## Required action
Repeat the data that follows exactly, starting at the line with "Antikschmuck Schmuck &" and ending at the line with "Viktor & Rolf Perfumes", and leave out every picture.

## Provided entries
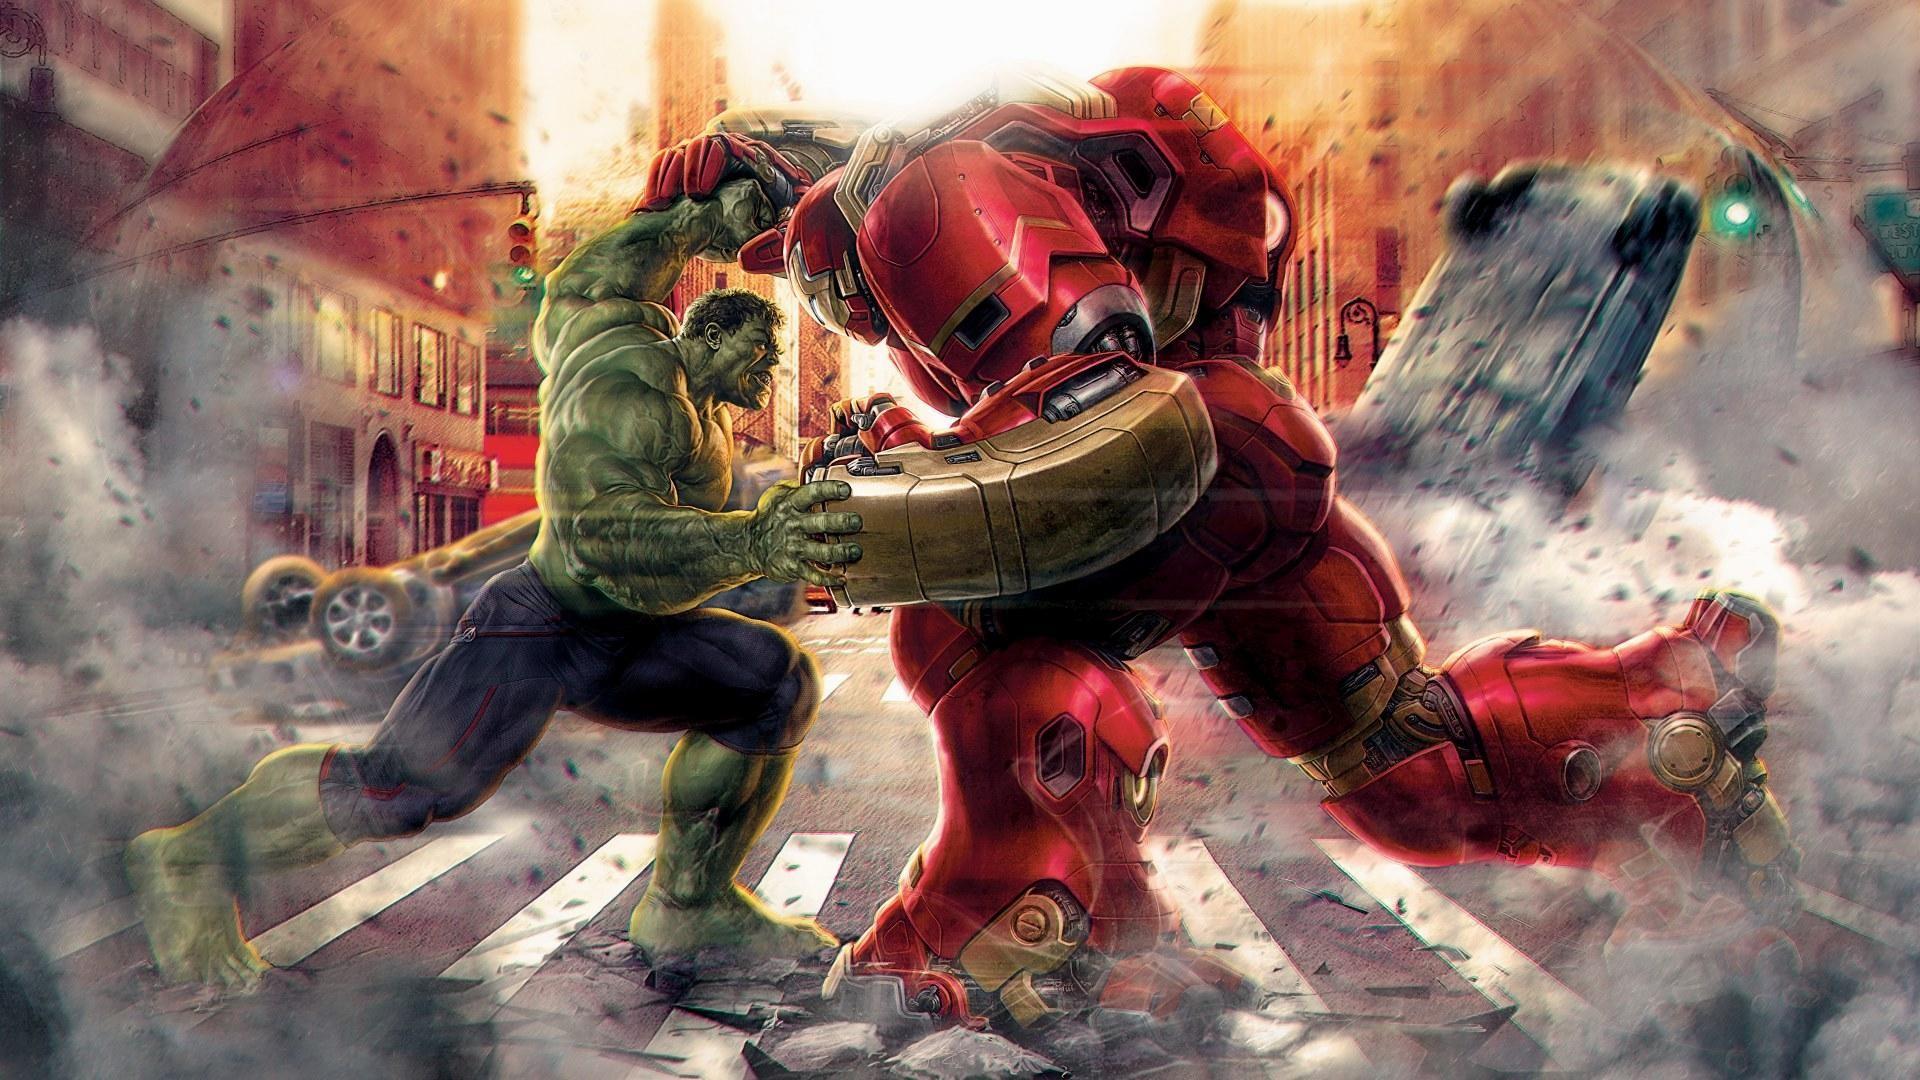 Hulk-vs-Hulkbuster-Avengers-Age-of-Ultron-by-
--
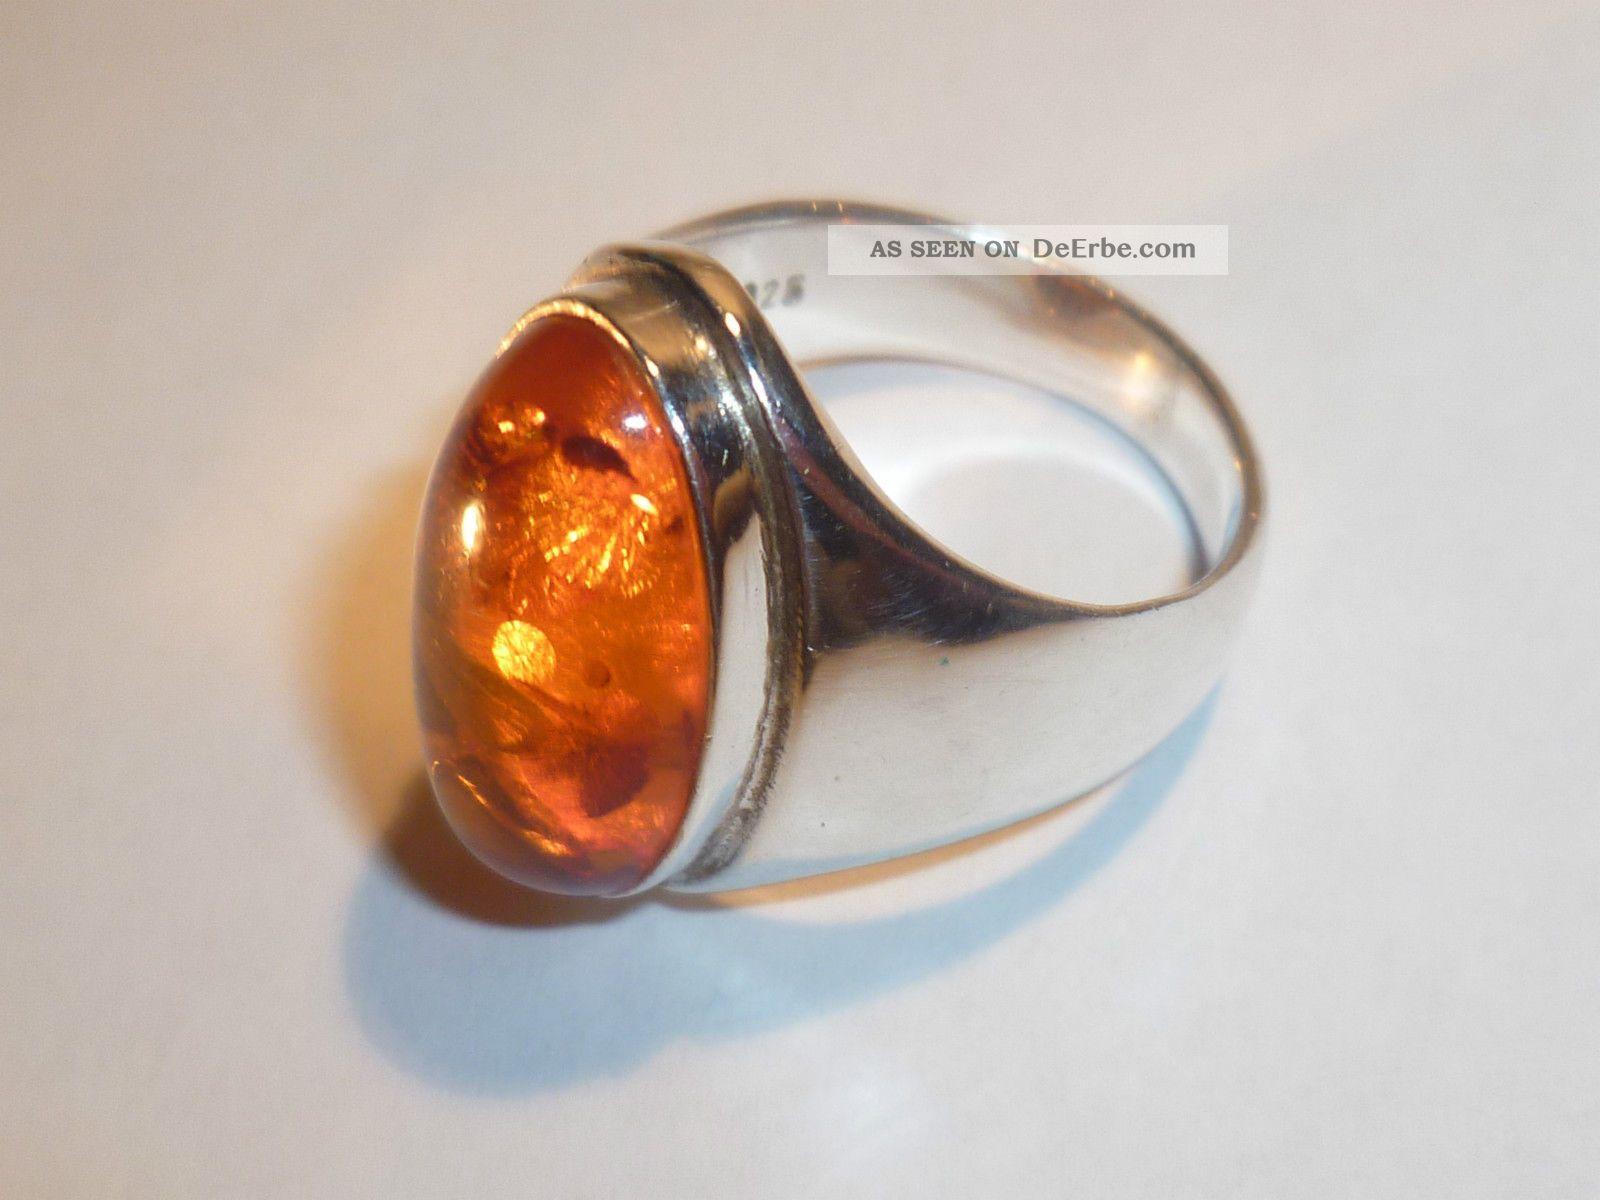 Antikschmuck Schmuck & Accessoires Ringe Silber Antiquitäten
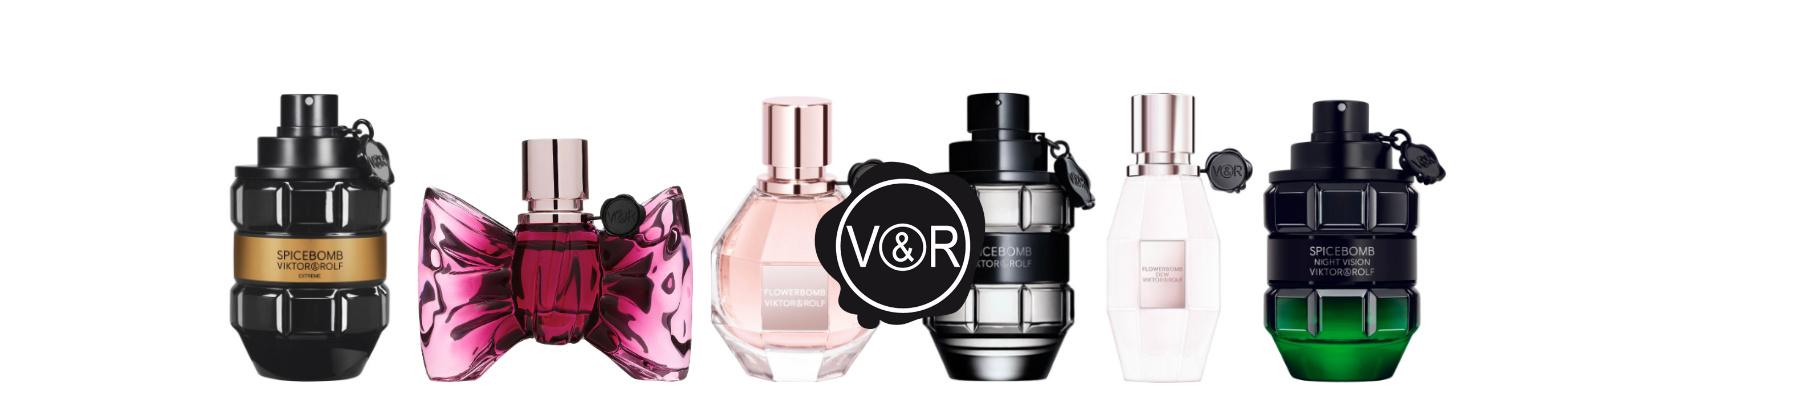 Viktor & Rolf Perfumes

## Output of the task
 Antikschmuck Schmuck & Accessoires Ringe Silber Antiquitäten
 Viktor & Rolf Perfumes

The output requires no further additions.